[Extracted records]:
□ □ □

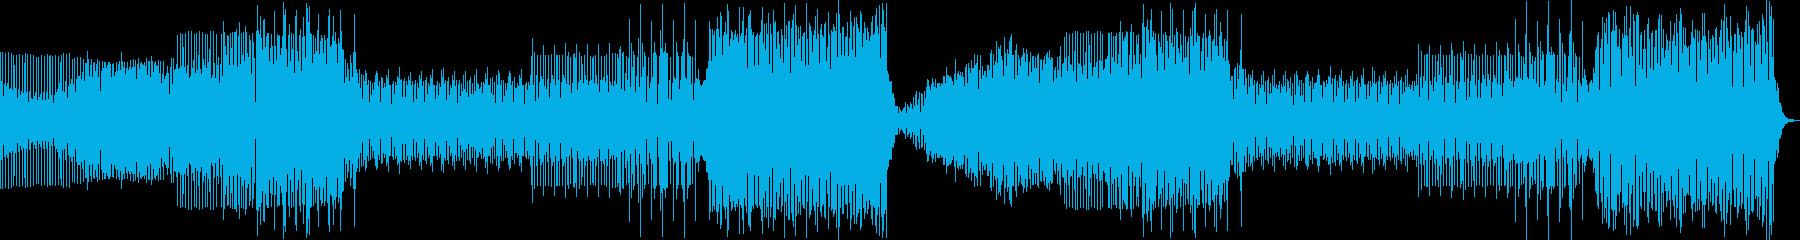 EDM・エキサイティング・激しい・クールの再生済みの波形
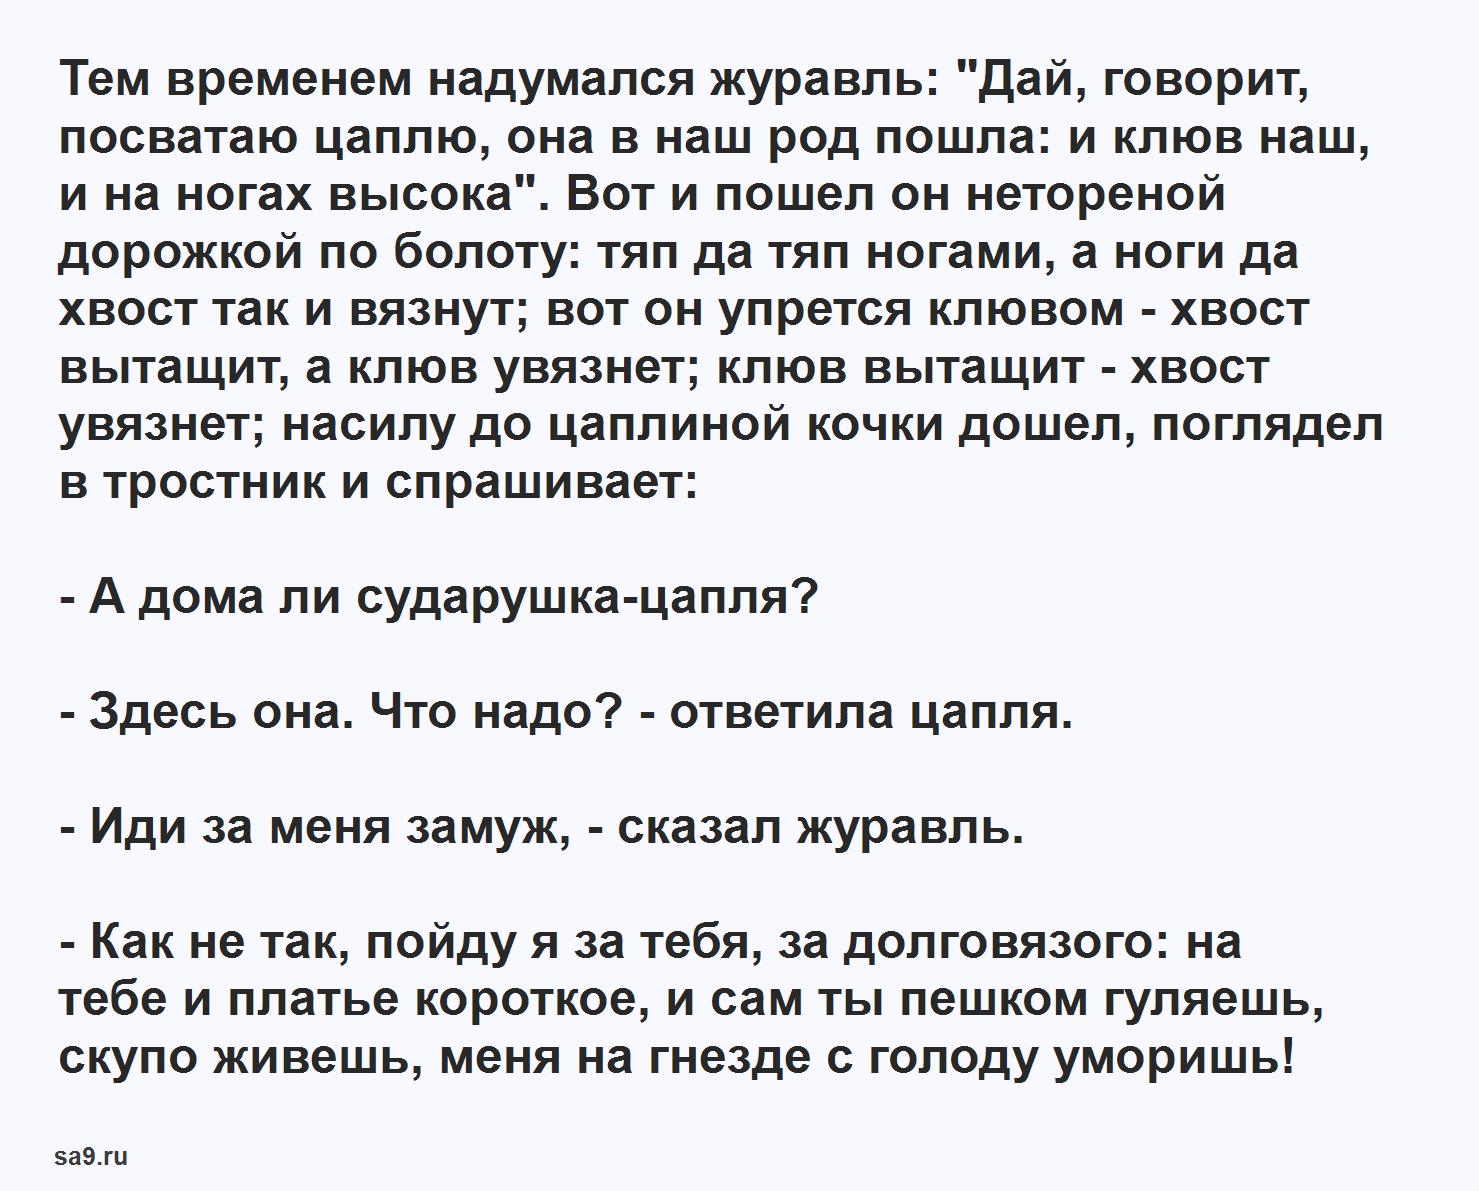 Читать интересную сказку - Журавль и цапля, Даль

□ □ □

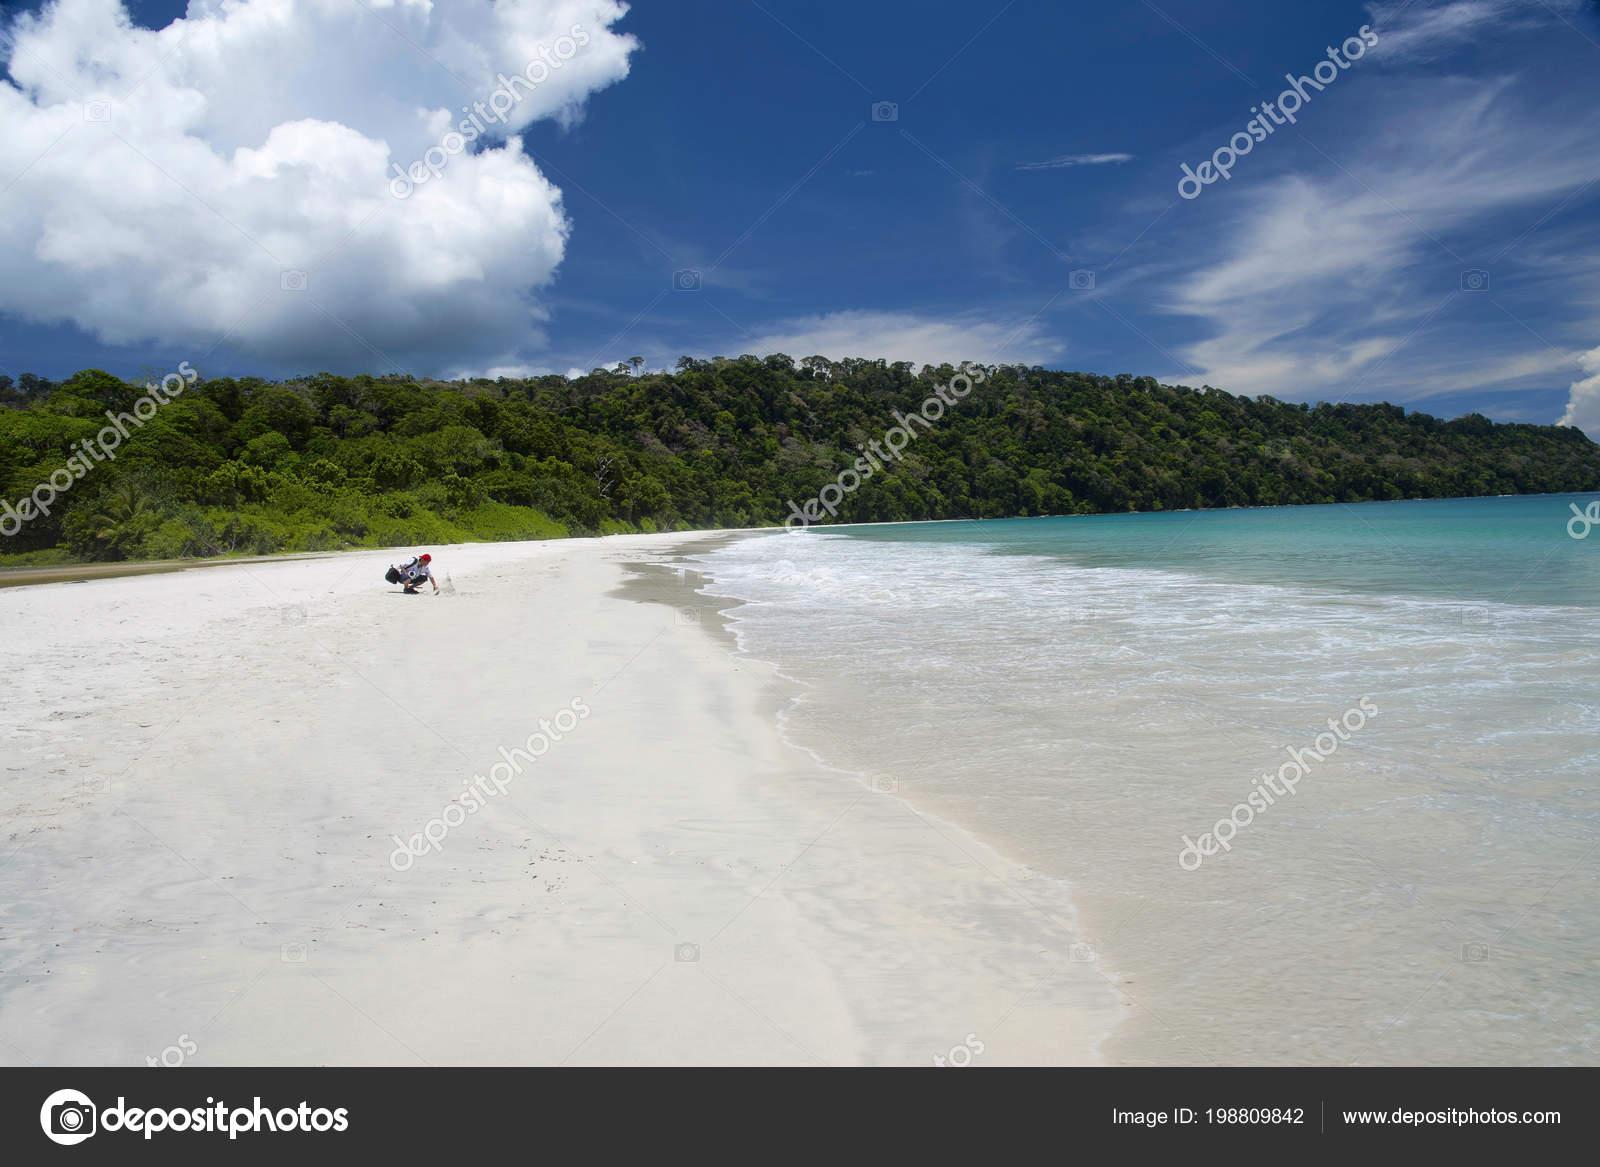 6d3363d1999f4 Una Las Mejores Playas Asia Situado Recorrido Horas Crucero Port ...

□ □ □

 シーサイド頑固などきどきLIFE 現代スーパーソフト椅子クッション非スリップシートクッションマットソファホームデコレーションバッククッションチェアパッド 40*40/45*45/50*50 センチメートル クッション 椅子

□ □ □

Only one stretch of the material above is wanted: the line containing "EDM・エキサイティング・激しい・クールの再生済みの波形" through the line containing "Читать интересную сказку". Restate it word for word, minus the pictures.

[Reply to the exercise]:
 EDM・エキサイティング・激しい・クールの再生済みの波形
 Читать интересную сказку - Журавль и цапля, Даль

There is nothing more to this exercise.